As Kubernetes becomes the de facto for container orchestration, more and more developers (and enterprises) want to run Apache Cassandra on Kubernetes. It’s easy to get started with this – especially considering the capabilities that Kubernetes’ StatefulSets bring to the table. Kubernetes, though, certainly has room to improve when it comes to storing data in-state and understanding how different databases work.
For example, Kubernetes doesn’t know if you’re writing to a leader or a follower database, to a multi-sharded leader infrastructure, or to a single database instance. StatefulSets – workload API objects used to manage stateful applications – offer the building blocks required for stable unique network identifiers, stable persistent storage, ordered and smooth deployment and scaling, deletion and termination, and automated rolling updates. However, while getting started with Cassandra on Kubernetes might be easy, it can still be a challenge to run and manage (and running Docker is another challenge in itself).
To overcome some of these hurdles, we decided to build an open source Cassandra-operator that runs and operates Cassandra within Kubernetes. Think of it as Cassandra-as-a-Service on top of Kubernetes. We’ve made this Cassandra-operator open source and freely available on GitHub. It remains a work in progress between myself, others on my team, and a number of partner contributors – but it is functional and ready for use. The Cassandra-operator supports Docker images, which are open source and available as well (via the same link).
This Cassandra-operator is designed to provide “operations-free” Cassandra: it takes care of deployment and allows users to manage and run Cassandra, in a safe way, within Kubernetes environments.
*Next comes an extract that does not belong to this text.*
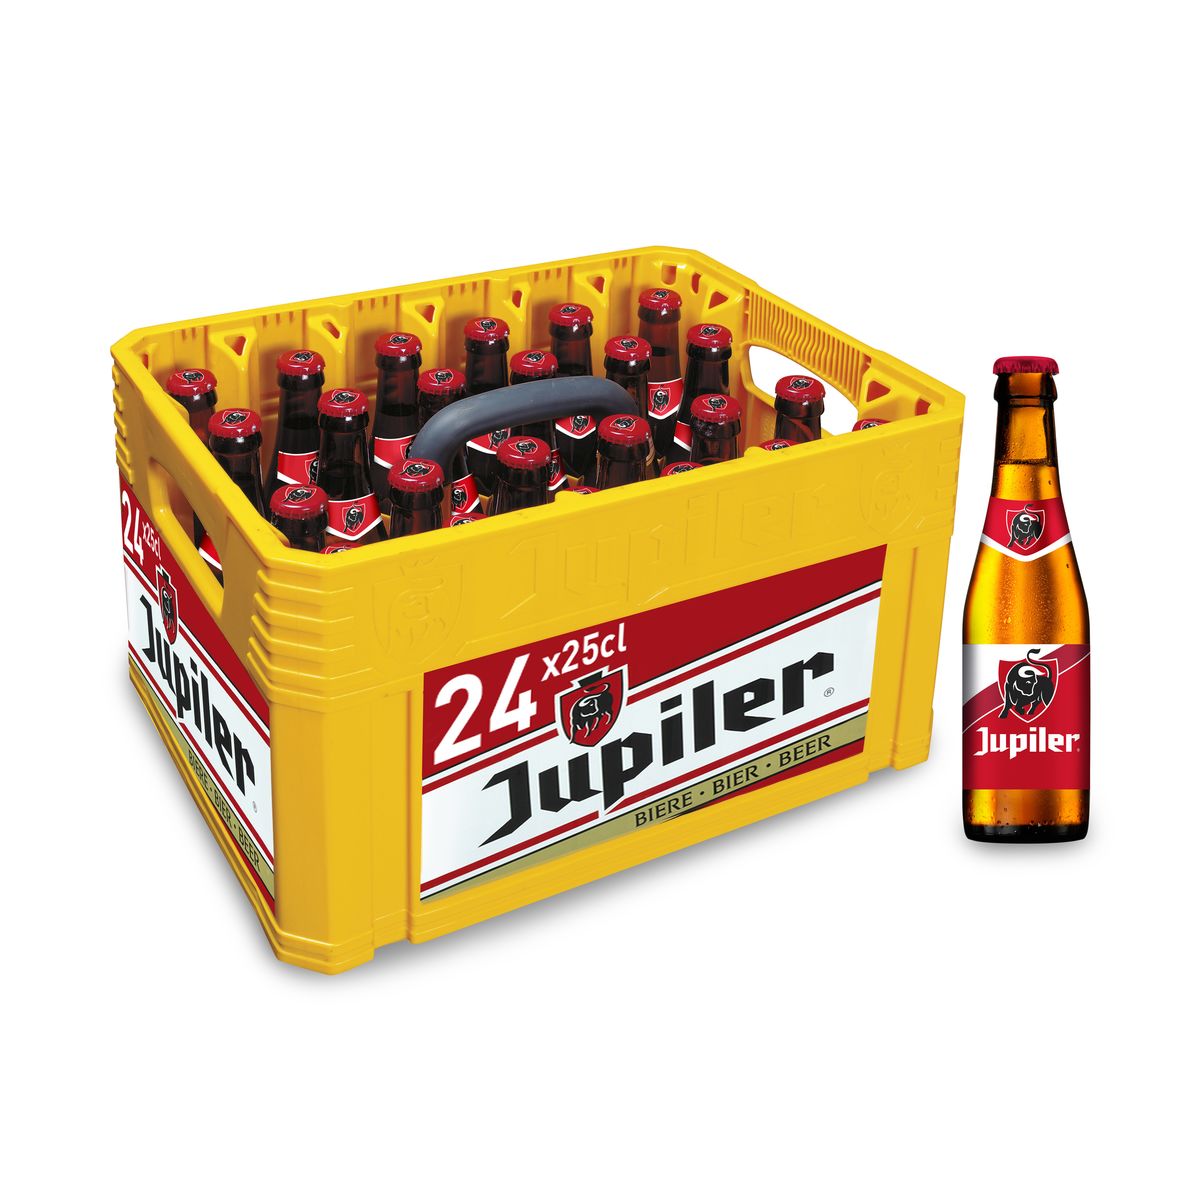 Jupiler Blond Bier Pils 5.2% Alc 24 x 25 cl bak

It also makes it simple to utilize consistent and reproducible environments.
While it’s possible for developers to build scripts for managing and running Cassandra on Kubernetes, the Cassandra-operator offers the advantage of providing the same consistent reproducible environment, as well as the same consistent reproducible set of operations through different production clusters. And this is true across development, staging, and QA environments. Furthermore, because best practices are already built into the operator, development teams are spared from operational concerns and are able to focus on their core capabilities.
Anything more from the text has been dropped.